=== What you need to do ===
Drop all images. Then write out each line below exactly as given.

=== Dataset excerpt ===
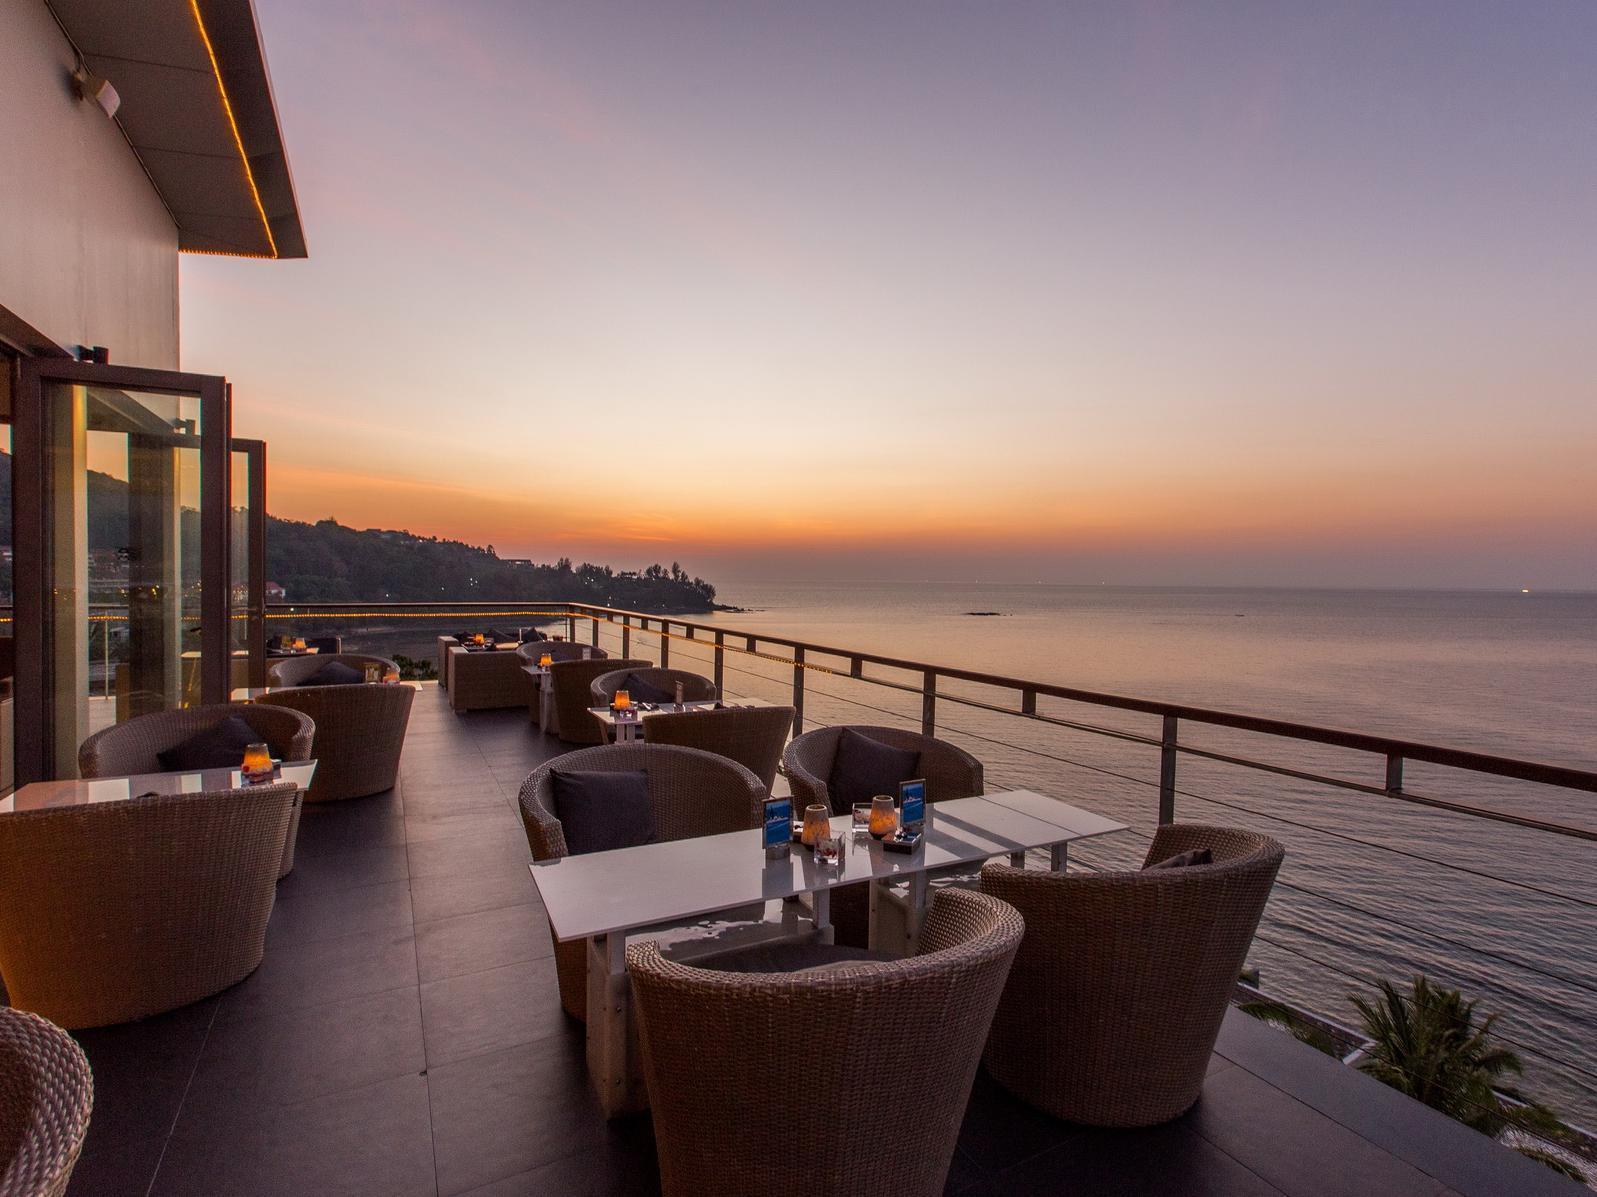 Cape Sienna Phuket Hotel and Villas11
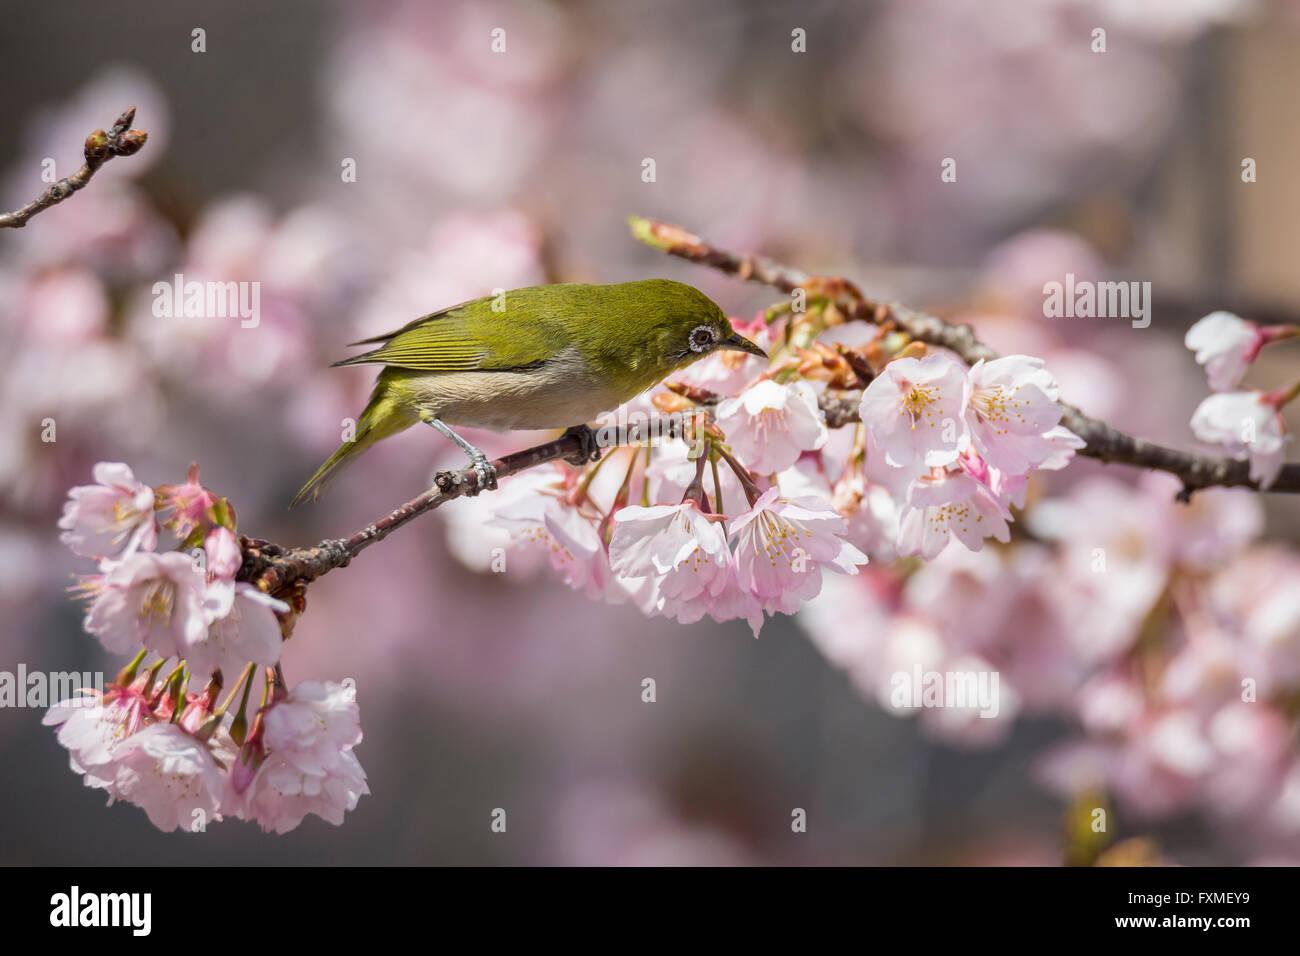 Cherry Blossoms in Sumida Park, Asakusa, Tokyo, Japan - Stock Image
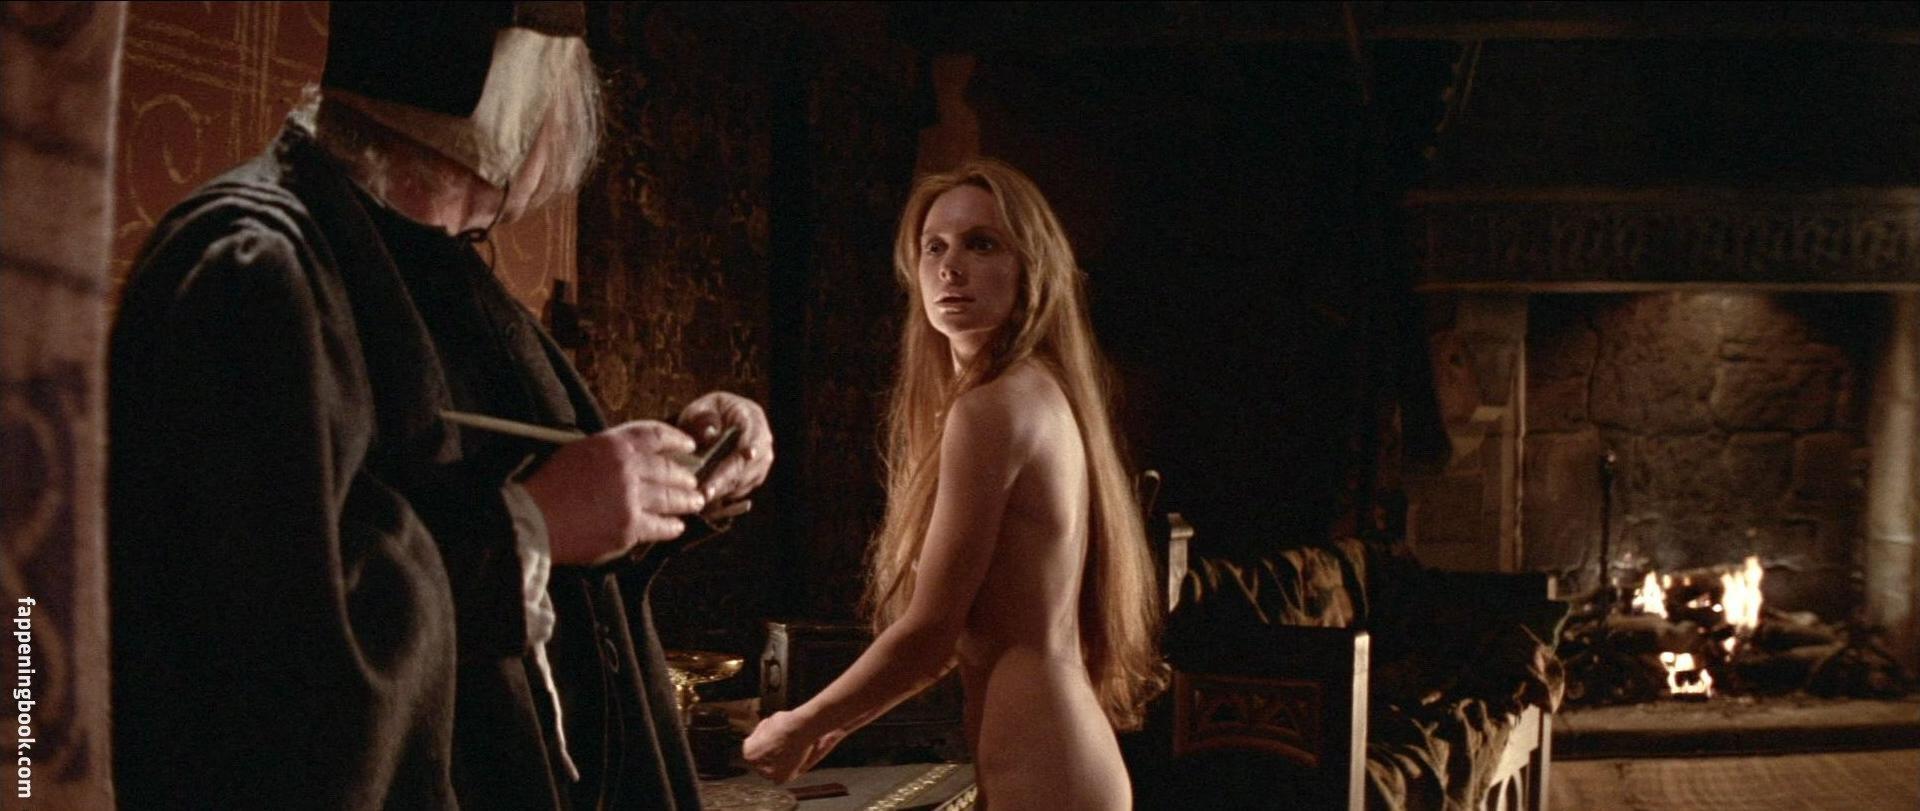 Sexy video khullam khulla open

=== Answer box ===
 Cape Sienna Phuket Hotel and Villas11
 Cherry Blossoms in Sumida Park, Asakusa, Tokyo, Japan - Stock Image
 Sexy video khullam khulla open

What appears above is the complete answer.